This page documents TractoR’s facilities for image registration, and the concepts used by them.
Registration is the dual operation of estimating a transformation which will bring a source image into alignment with a target image, and resampling the source image into target space. The estimation phase is performed by optimising the parameters of the transformation with respect to a cost function which describes how much “difference” or “disagreement” there is between the resampled source image and the target.
The transformation may either be linear or nonlinear. Linear transformations are typically represented using affine matrices, and they transform all parts of the image in the same way. By contrast, nonlinear transformations are those in which different parts of the image may be distorted differently.
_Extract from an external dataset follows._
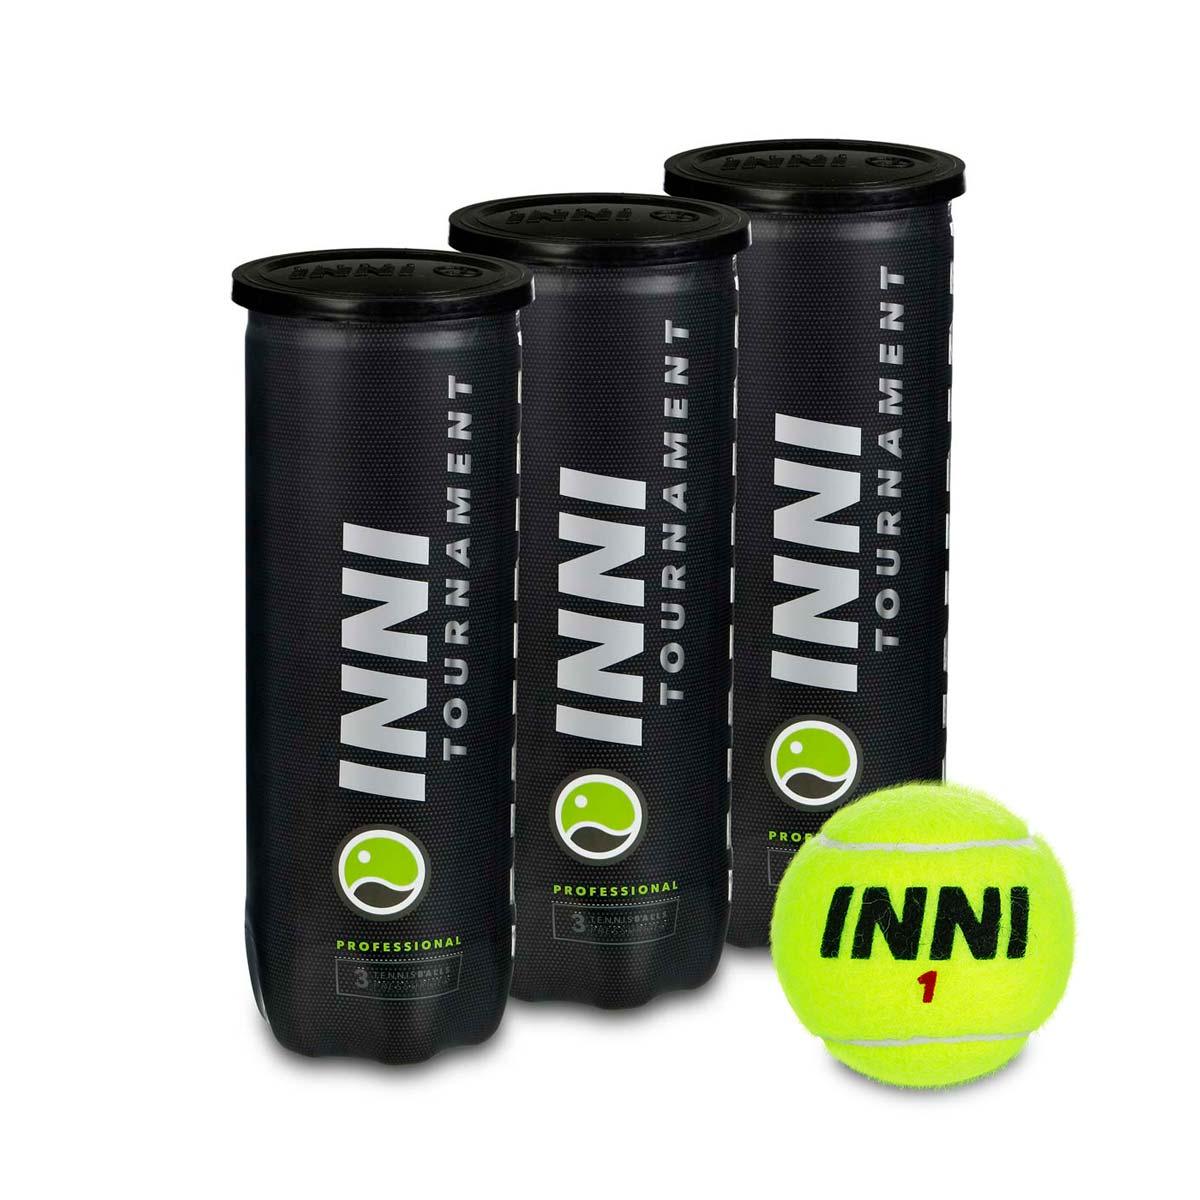 Bola De Tênis Inni Tournament Pack c/ 3 Tubos

This is illustrated below.
Here, a global rotation can be observed from the oblique grid, but additionally, some areas are expanded by the transformation (red) while others are contracted (blue).
In TractoR, images are stored in Analyze/NIfTI/MGH files, while transformations are stored within a special directory with an “.xfmb” suffix. Information about the latter can be obtained using the
reg-info script. Transformation directories contain metadata about the source and target files, as well as the actual linear and/or nonlinear transformation information. TractoR’s image registration scripts create, modify and use the contents of these directories as a matter of course.
Linear registration is performed using the
reg-linear script. The work of the registration is performed using NiftyReg or FSL-FLIRT, although the latter requires FSL to be installed separately. (NiftyReg support is built into TractoR.) A source and target image are required as arguments, with the name of the final image to be created as a third argument. There are a number of additional options to control the process: see
tractor -o reg-linear for details.
For example, to perform standard affine registration using FSL-FLIRT we would use
tractor reg-linear source target result Method:fsl
Using NiftyReg this would become
tractor reg-linear source target result Method:niftyreg
If you want only to estimate the transformation, but not actually resample the image, then the third argument isn’t needed, but a name for the transformation directory is.
tractor reg-linear source target Method:niftyreg EstimateOnly:true TransformName:source2target
This will create the transformation directory “source2target.xfmb”.
Nonlinear registration, using the
reg-nonlinear script, follows a similar principle to linear registration, but in this case only NiftyReg can currently be used. It is recommended that linear registration be performed first. A nonlinear transformation can be stored in the same directory as a linear one, and if an existing transformation is specified, then it will be used for initialisation and then updated with the final nonlinear transformation. So the recommended process to estimate a nonlinear transformation would be
tractor reg-linear source target Method:niftyreg EstimateOnly:true TransformName:source2target tractor reg-nonlinear source target EstimateOnly:true TransformName:source2target
By default the nonlinear transformation estimated is not invertible, so images can only be transformed in one direction. If bidirectional transformation is required then a symmetric transformation can be estimated using
tractor reg-nonlinear source target EstimateOnly:true TransformName:source2target Symmetric:true
Applying an existing transformation
reg-apply script can be used to apply a stored transformation to a new image. If both affine (linear) and nonlinear transformations are available, then nonlinear will take priority unless the “PreferAffine” option is set to
true. The arguments are a new image and the name of the output image.
tractor reg-apply newimage newresult TransformName:source2target
Transformations can be visualised (as shown above) using the
reg-viz script. Please run
tractor -o reg-viz for details. The
reg-check script provides another visualisation, overlaying an outline of the transformed source image on the target image, and can be useful to check the accuracy of a registration.
A number of operations which can be performed with TractoR, including neighbourhood tractography, require images or points to be transformed between different spaces. Registration must therefore take place to estimate the relevant transformation in these cases.
TractoR estimates these transformations on demand, at the point that the code first requires them, and then stores them within the
tractor/transforms subdirectory of the relevant session for future reference. Files stored in that location have a naming convention giving the source and target space names, separated by the digit “2”: for example, the transformation from diffusion to MNI standard space is called “diffusion2mni.xfmb”. The strategy for transforming between each pair of image spaces—specifying, for example, whether linear or nonlinear registration should be used—is determined by the
etc/session/transforms/strategy.yaml file in the TractoR installation directory, which can be overridden by a file of the same name in a particular session. Implicit linear registration is currently performed using NiftyReg by default (as of TractoR v3.0.0), but FSL-FLIRT can be used instead by setting the
TRACTOR_REG_METHOD environment variable to
fsl. The actual source and target images are chosen to be representative of the space in question: for example, the “maskedb0” image for diffusion space, and the “brain” template for MNI standard space.